По свидетельству очевидцев, в первые дни войны Сталин осунулся, почернел, оспины его стали более рельефны. При этом он никогда не забывал здороваться и отвечать на приветствия. Работал он день и ночь, по 16–18 часов в сутки. «Ежедневно ему докладывали десятки документов военного, политического, идеологического и хозяйственного характера, которые после его подписи становились приказами, директивами, постановлениями, решениями», – писал Д.А. Волкогонов.

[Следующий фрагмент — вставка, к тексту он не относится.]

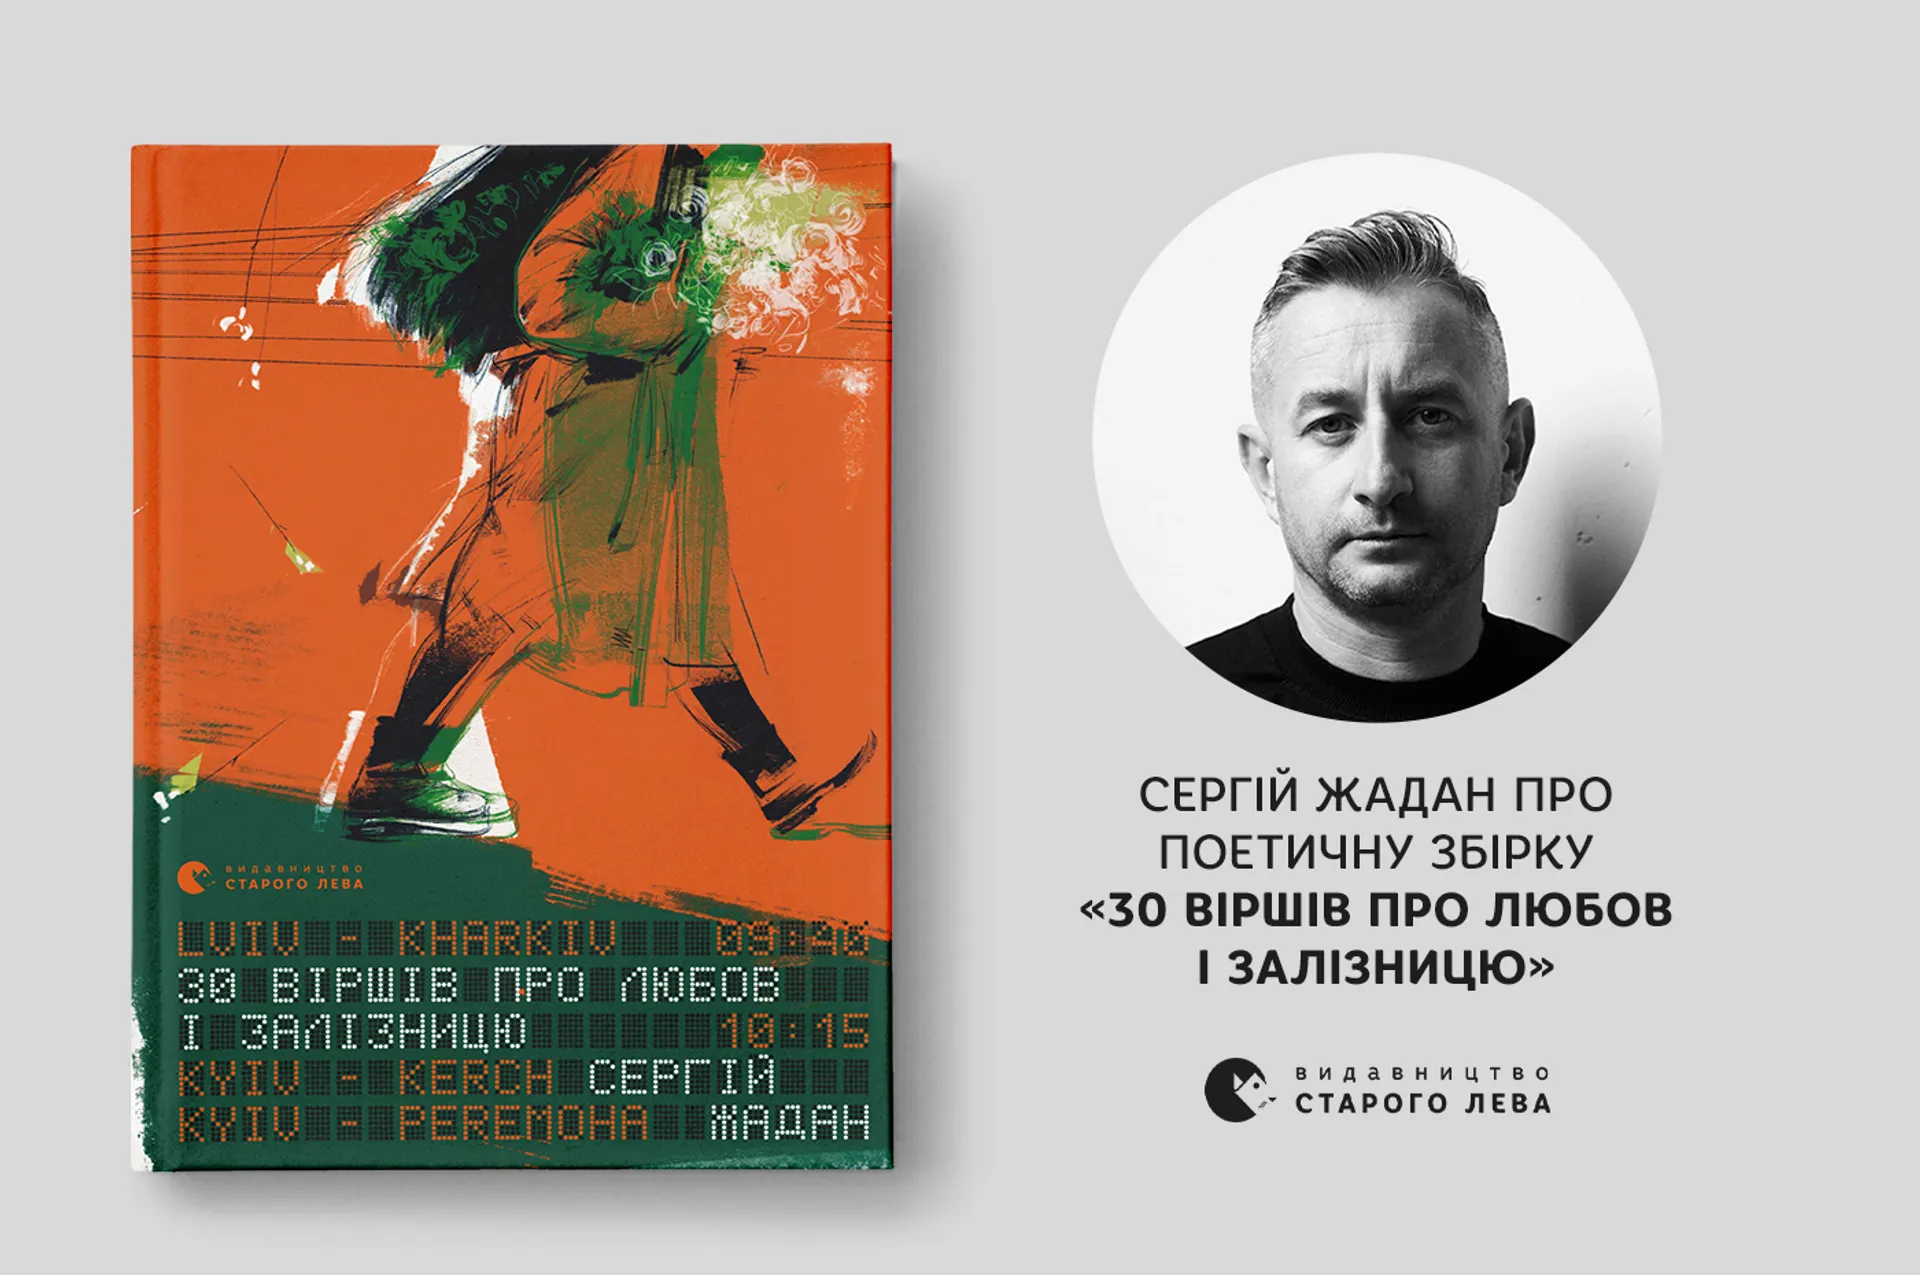 Сергій Жадан про збірку «30 віршів про любов і залізницю»

Те же очевидцы утверждают о Сталине в первые дни войны, что ему некогда было отдыхать в эти дни и ночи. Работал он сутками напролет. Иногда даже спал на диване одетым и обутым. «Иногда были случаи: в присутствии телохранителя Сталин сам с собой разговаривал. Так было с В.Туковым. Однажды он спросил Сталина в машине: “О чем вы, товарищ Сталин, говорите?” Только тогда Сталин произнес: “Да о вашем начальнике. Старый не сумел оправдаться”».
Был и еще случай.
«Зашел я к Сталину, – вспоминал А. Голованов. – Он один в кабинете. Стоит перед ним остывший чай. Сталин: “Что делать? Что делать?” Как будто я помогу выйти из окружения войскам на Западном фронте».
Почему Сталин выступил только 3 июля?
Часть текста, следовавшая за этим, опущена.